What you will do:
Reproduce each line of the material exactly, minus any picture.

Given information:
****

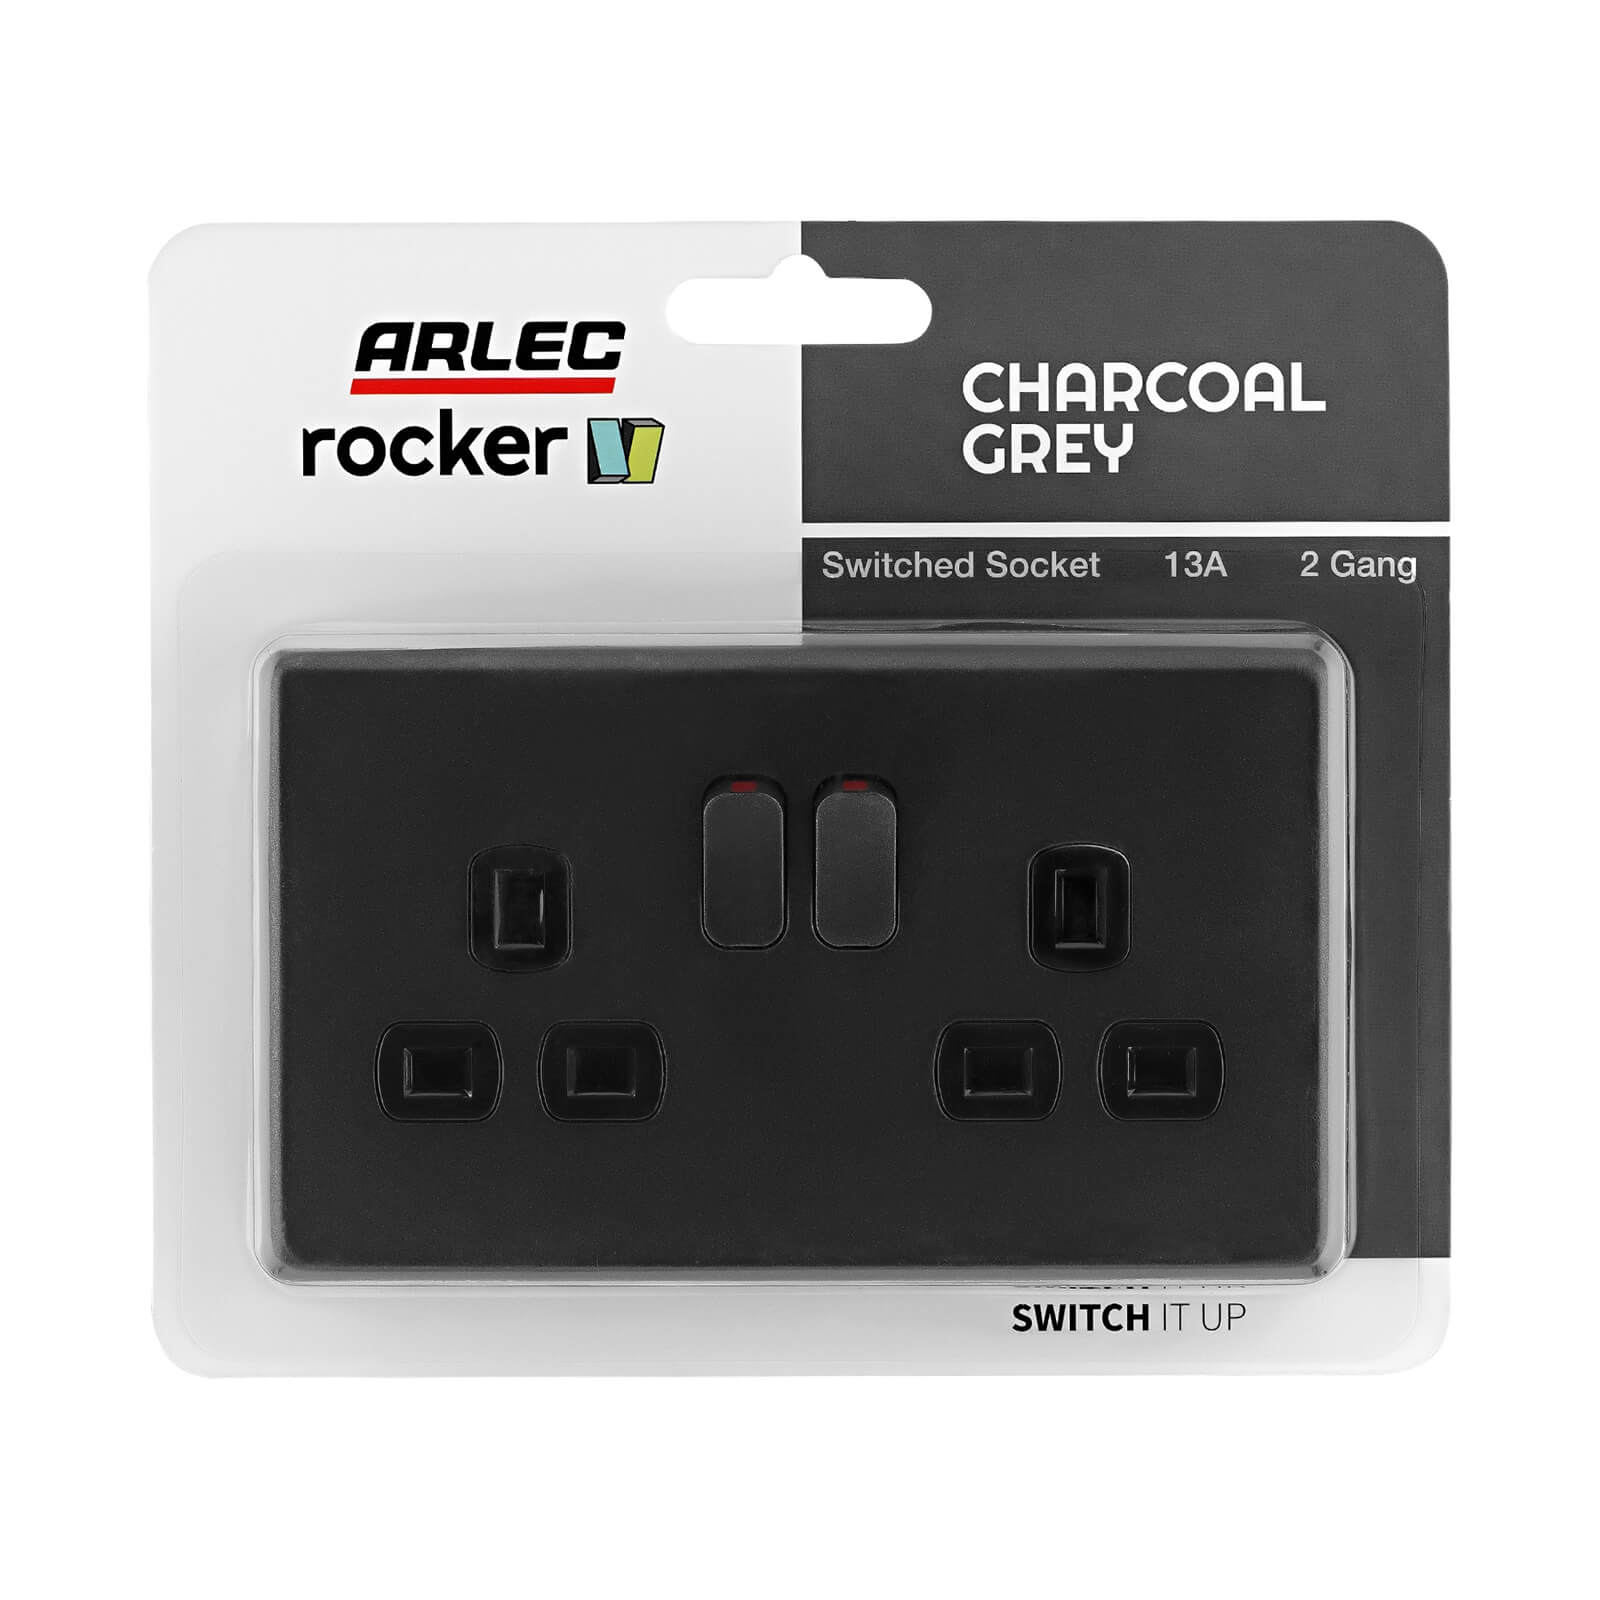 Arlec Rocker 13A 2 Gang Charcoal Grey Double switched socket
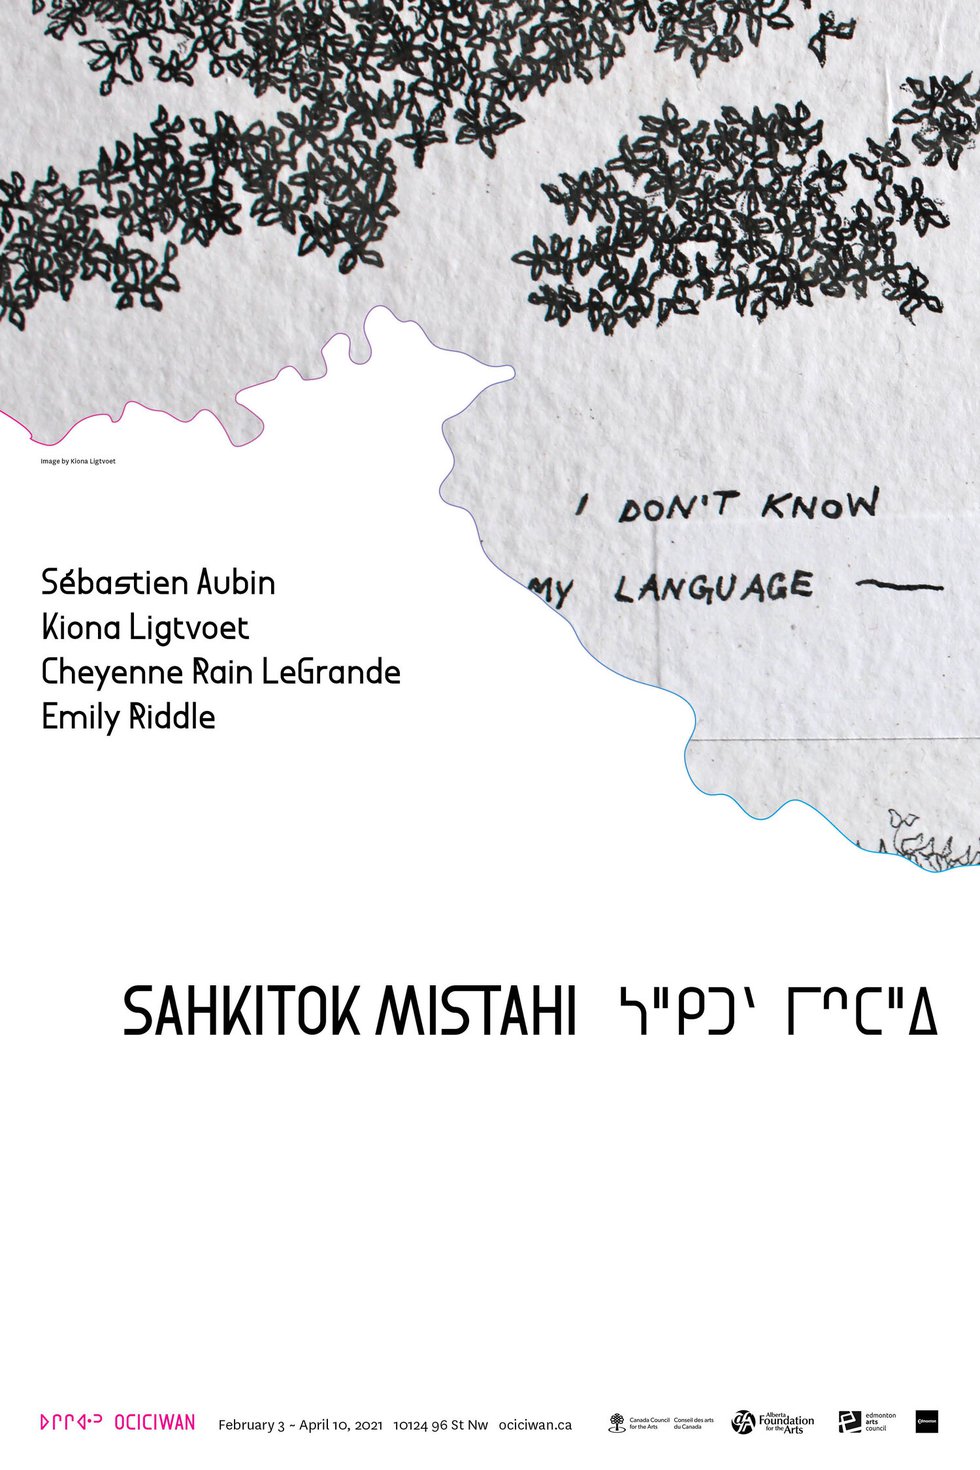 Kiona Ligtvoet, "I Don't Know My Language," 2020
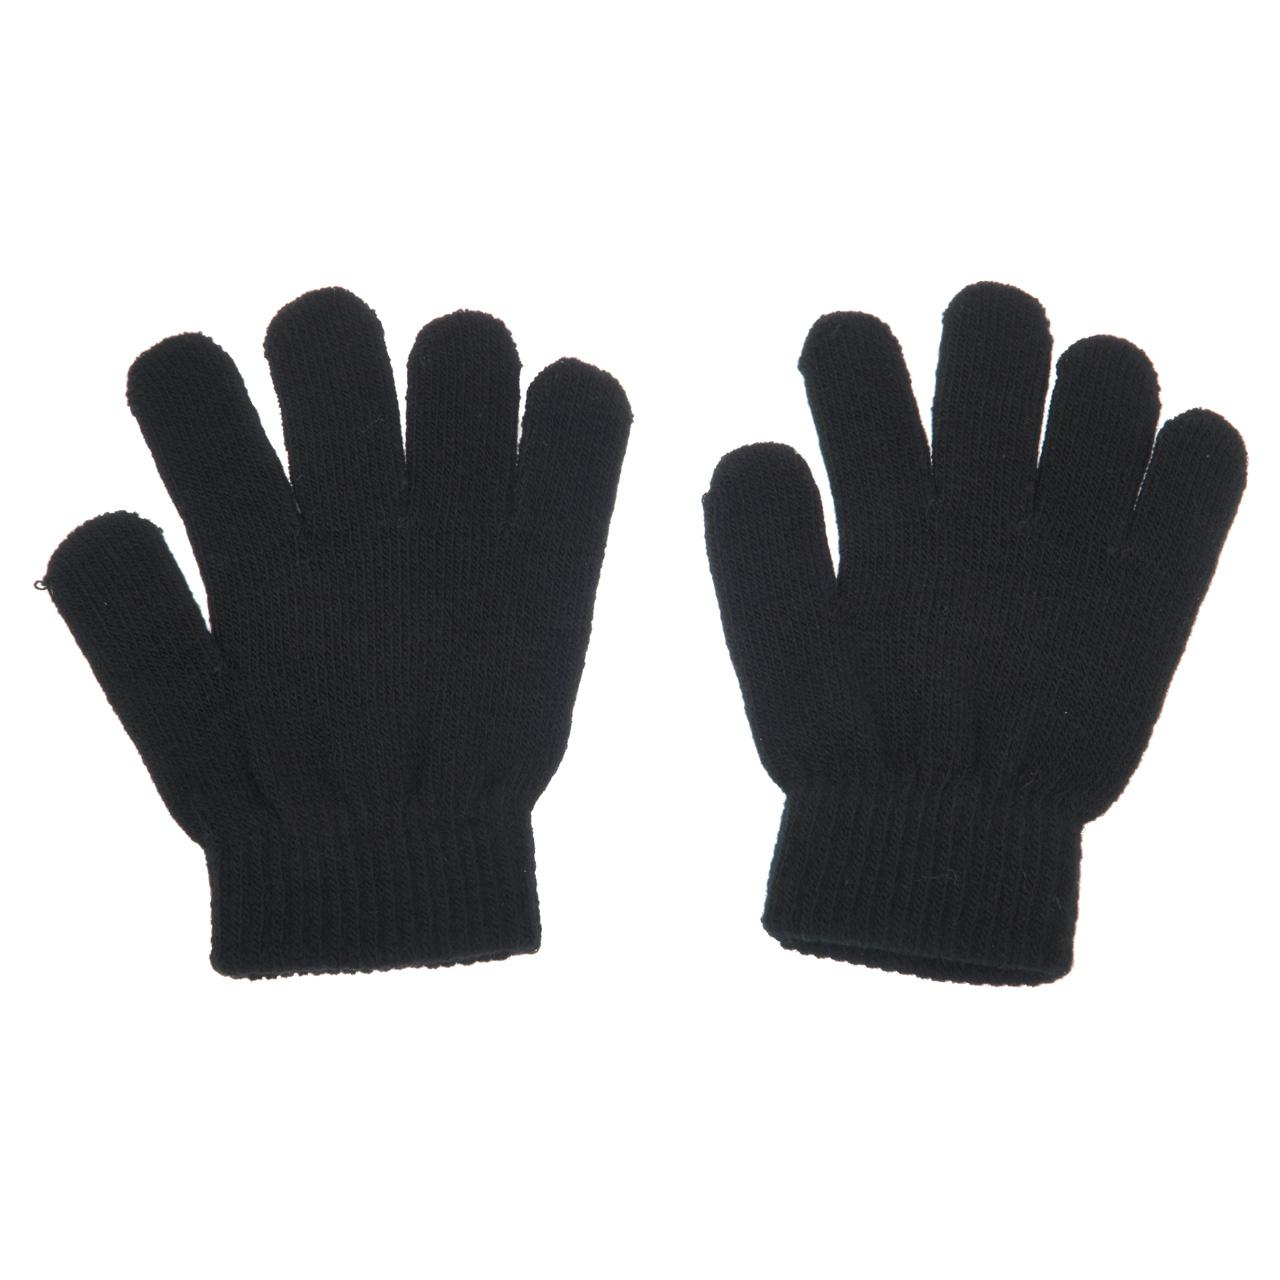 Gloves marlybag magicos black glove jr 64330-new

****

Written response:
 Arlec Rocker 13A 2 Gang Charcoal Grey Double switched socket
 Kiona Ligtvoet, "I Don't Know My Language," 2020
 Gloves marlybag magicos black glove jr 64330-new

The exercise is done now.